Small Business Majority reports that it represents 6 million employers, 43 million employees and 22 million self-employed Americans around the country.

The group launched a national campaign this week as the Capitol Hill showdown approached, asking small business owners to sign an open letter to Congress and to become active on social media and in letters to the local press expressing dissatisfaction with lawmaker negotiations over government funding and the debt ceiling.

“Stop the Shutdown, Pay [the Nation’s] Bills” reads the website hosting the open letter.

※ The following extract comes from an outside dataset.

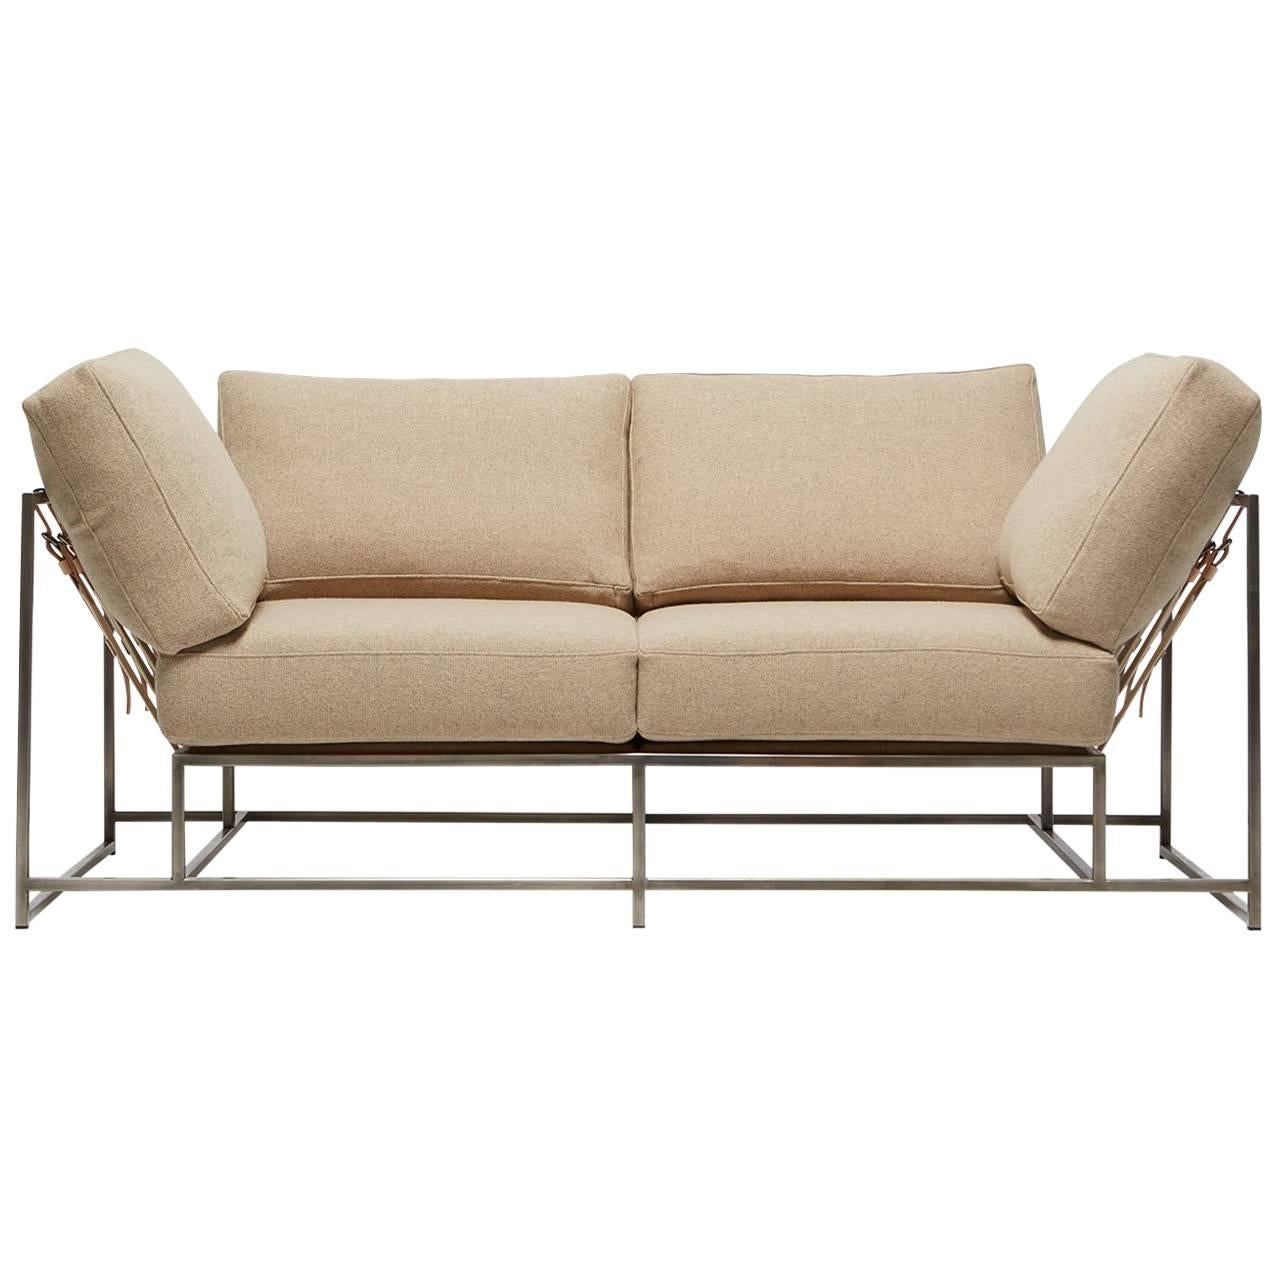 Stephen Kenn. Tan Wool And Antique Nickel Two Seat Sofa
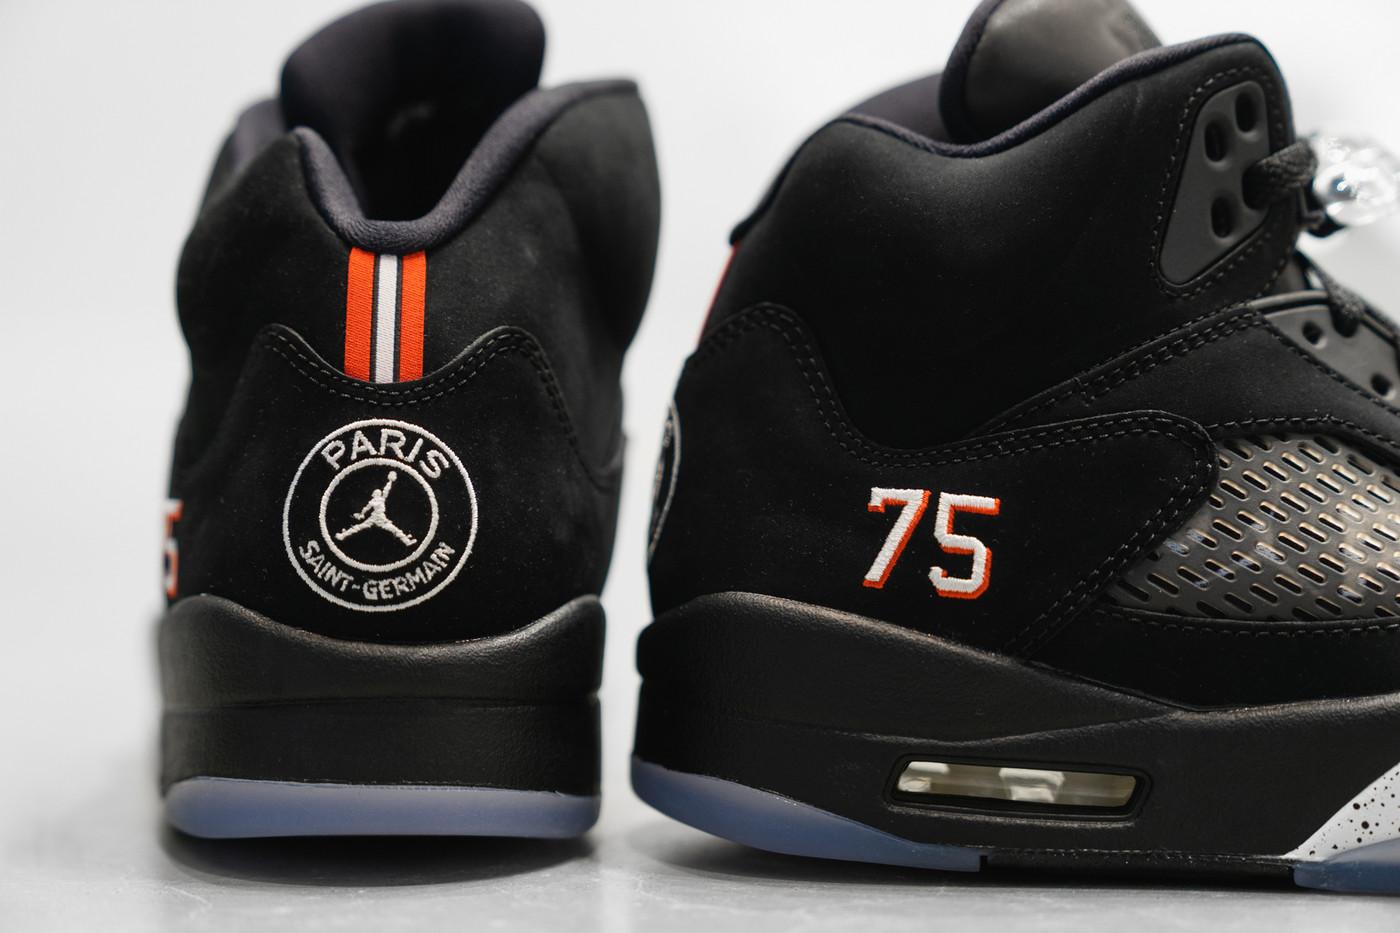 16cd4148f07f The Real Dwayne Allen.com  Jordan Brand x Paris Saint-Germain Collection

“What these politicians clearly don’t realize is that a government shut down doesn’t just impact government employees, but many small businesses as well,” reads the letter. “The threat of the government closing up shop alone diminishes my customers’ confidence and creates a huge amount of uncertainty, which wreaks havoc on my bottom line. Not only that, but this is all happening in the fourth quarter—the most important time of the year for countless entrepreneurs. Slackening sales now has serious consequences on my profits for the rest of the fiscal year.”

Government employees, of course, spend money in the private sector as consumers and investors. The many and varied small economies that spin out of contracts to do business directly and indirectly with enormous federal concerns, like military bases and research labs of all sorts, are difficult even to calculate precisely, especially in a state like Colorado, where the private and public sectors overlap and interweave across business sectors and geographic regions.

“A 55 percent majority [of entrepreneurs] agrees this short-term shutdown tactic allows politicians to hold the economy hostage to their spending priorities and threatens the nation’s credit rating,” the letter continues. “Additionally, a majority of small business owners said the most important job of Congress and the president is to focus on creating more jobs rather than reducing the deficit.”

The letter ends with a jab at Republican members of Congress who have argued that they are driven to defund the Affordable Care Act at all costs based mainly on their conviction that “Obamacare” is bad for business.

“Many of the politicians who are playing politics with the debt ceiling and the national budget are the same ones who claim to support small businesses. Well, small businesses make up the backbone of our country, and this type of political gamesmanship does not help us. It hurts us.”